De-Personalisation
The Honest Broker Service was established considering the Information Commissioners Office Anonymisation Code of Practice and the new guidance on anonymisation and pseudonymisation.
Data accessed in the Honest Broker Service Safe Setting is data that has been de-personalised but where there is a risk of disclosure as the extra detail could potentially allow an individual service user to be re-identified if additional steps and processes were not in place.
The extra granularity of information is needed during the course of research in the Safe Setting to get useful results.
Within the Safe Setting the data is protected with additional controls (security controls, process controls and contractual controls). Researchers are trained in how to operate data in the safe setting and are subject to contracts which outline potential sanctions for misuse of the data.
The results which are released from the Safe Setting for publication are aggregate data which has been checked and can be published openly as it is not possible to identify any individual.
During these processes the data moves through what the ICO refer to as the “spectrum of identifiability”, this is outlined in detail in Chapter 2 of the new guidance which recently went out for consultation and in this useful guide provided by Understanding Patient Data.
Chapter 2: How do we ensure anonymisation is effective?
UK Research and Innovation have also published guidance on identifiability, anonymisation and pseudonymisation which discusses the concept of identifiability and how techniques such as anonymisation and pseudonymisation can be used to minimise the risk of identifiability of data for research.
The steps taken are outlined below:
Preparing data for access within the safe setting:
- To de-personalise the data the Honest Broker Service remove all direct identifiers such as Health and Care Number and Name, Address, full Date of Birth.
- We also consider secondary identifiers, these are characteristics that when combined with other data could potentially identify a person. An example of reducing identification risk through secondary identifiers would be creating age-bands rather than giving out individual age and also aggregating data up to larger geographies rather than providing precise location data.
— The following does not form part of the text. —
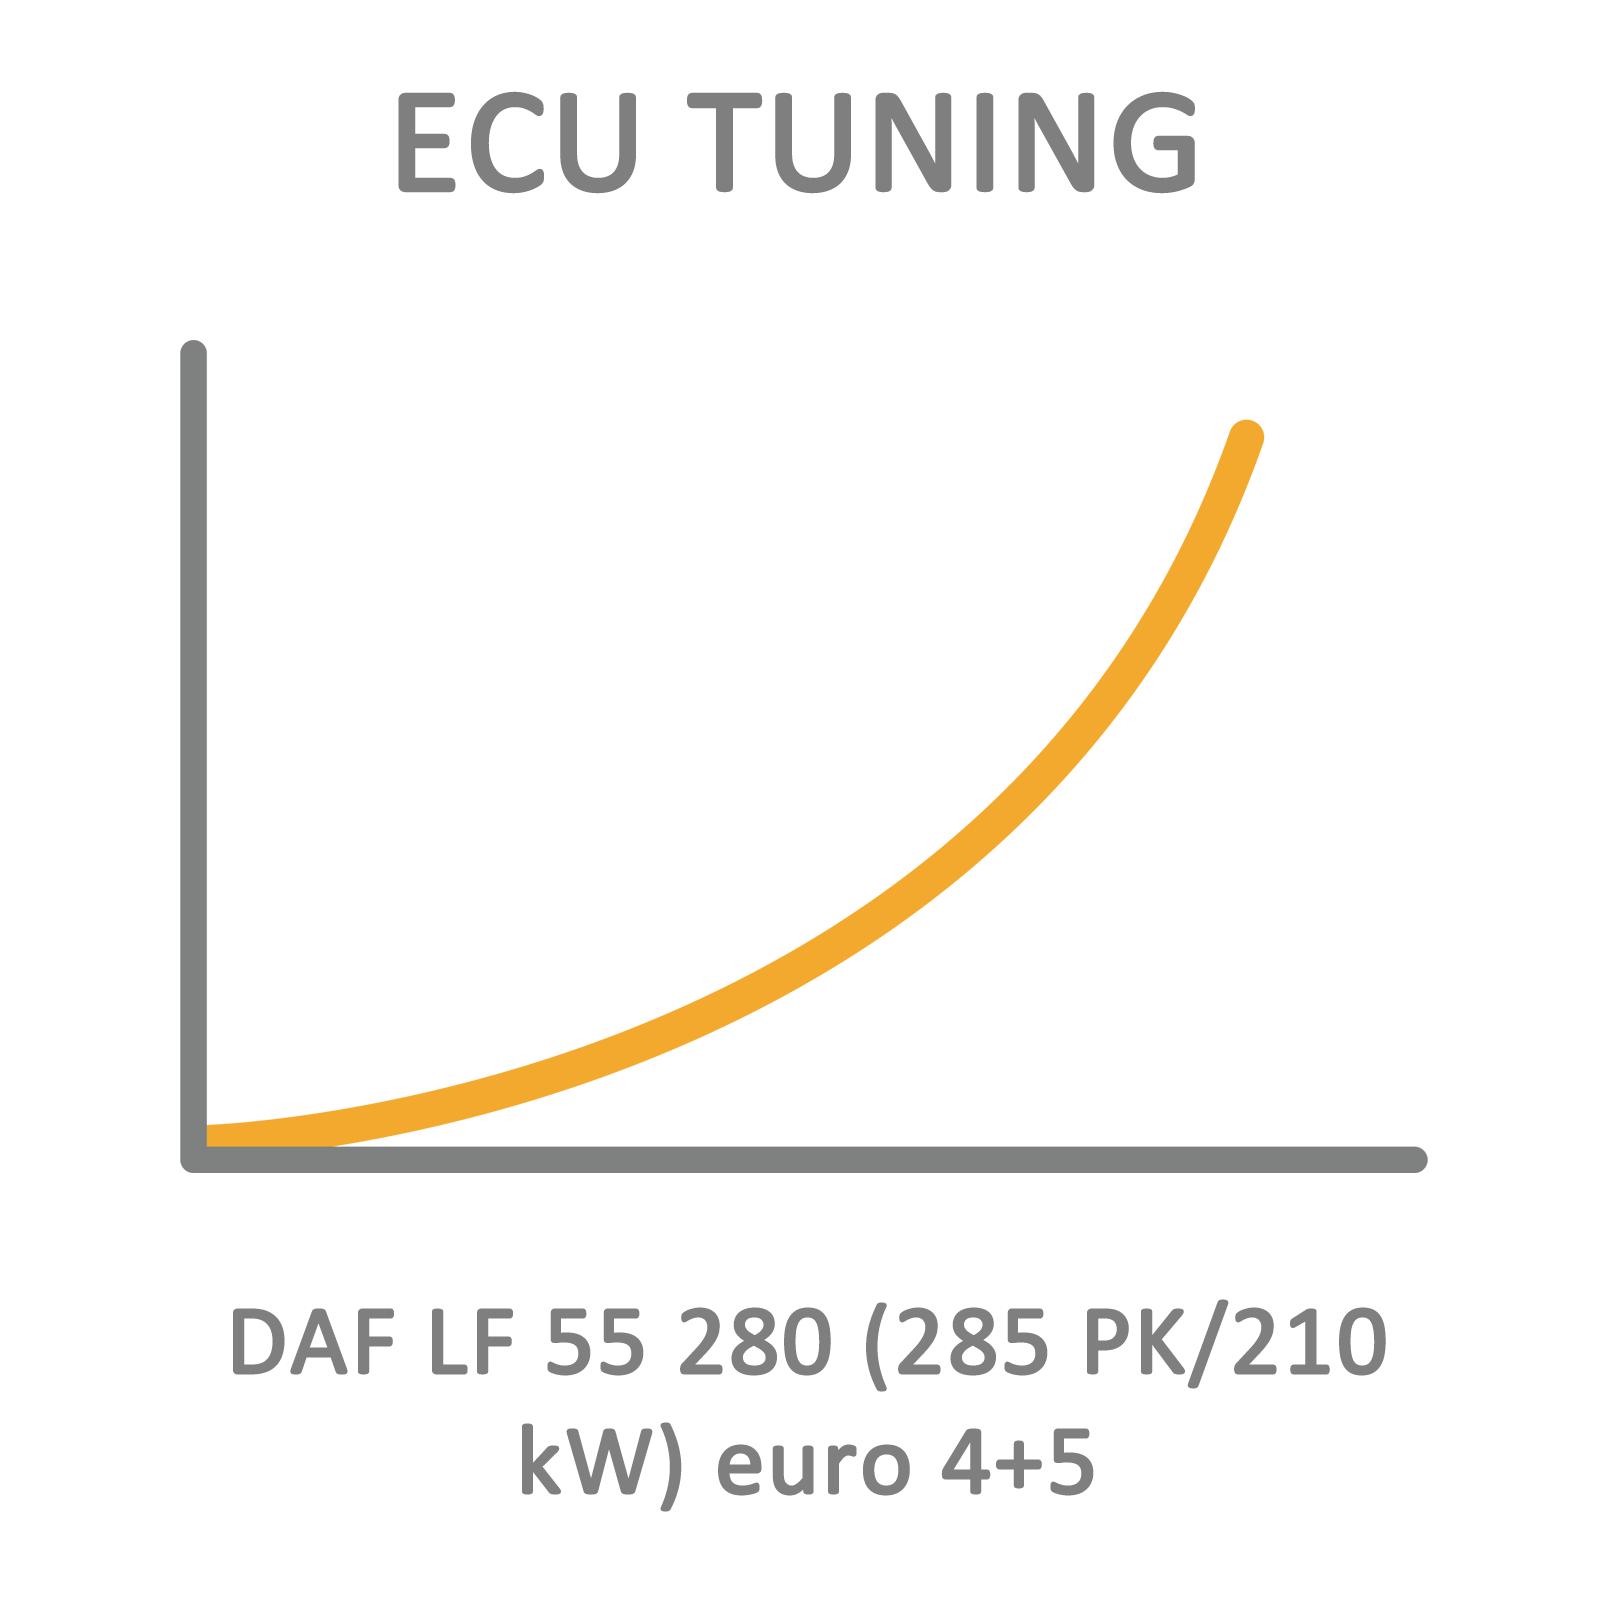 DAF LF 55 280 (285 PK/210 kW) euro 4+5 ECU Tuning

- The wider context of the analysis is also considered, for example if the focus of the research is a rare disease or relates to public events already well documented in the public record it may not be possible to effectively de-personalise the data. Issues like this would usually be discussed in assessing the feasibility of a project and could mean that the project does not progress or there may be additional requirements in order to protect the data such as requirement to attend the physical safe room to conduct analysis rather than accessing data remotely.
Outputs
- When a researcher has completed a piece of analysis they submit an output request which is screened by the Honest Broker Service team prior to release. We use agreed statistical disclosure control techniques to ensure there is no risk of re-identification.
- We apply a threshold which is the number of observations (count of individuals) displayed or underpinning a piece of analysis that must be met for the output to be considered safe for release. The threshold commonly applied across Trusted Research Environments and used by the Honest Broker Service is 10.
- The outputs that are released would usually be aggregate counts, results of statistical tests, graphs and occasionally code.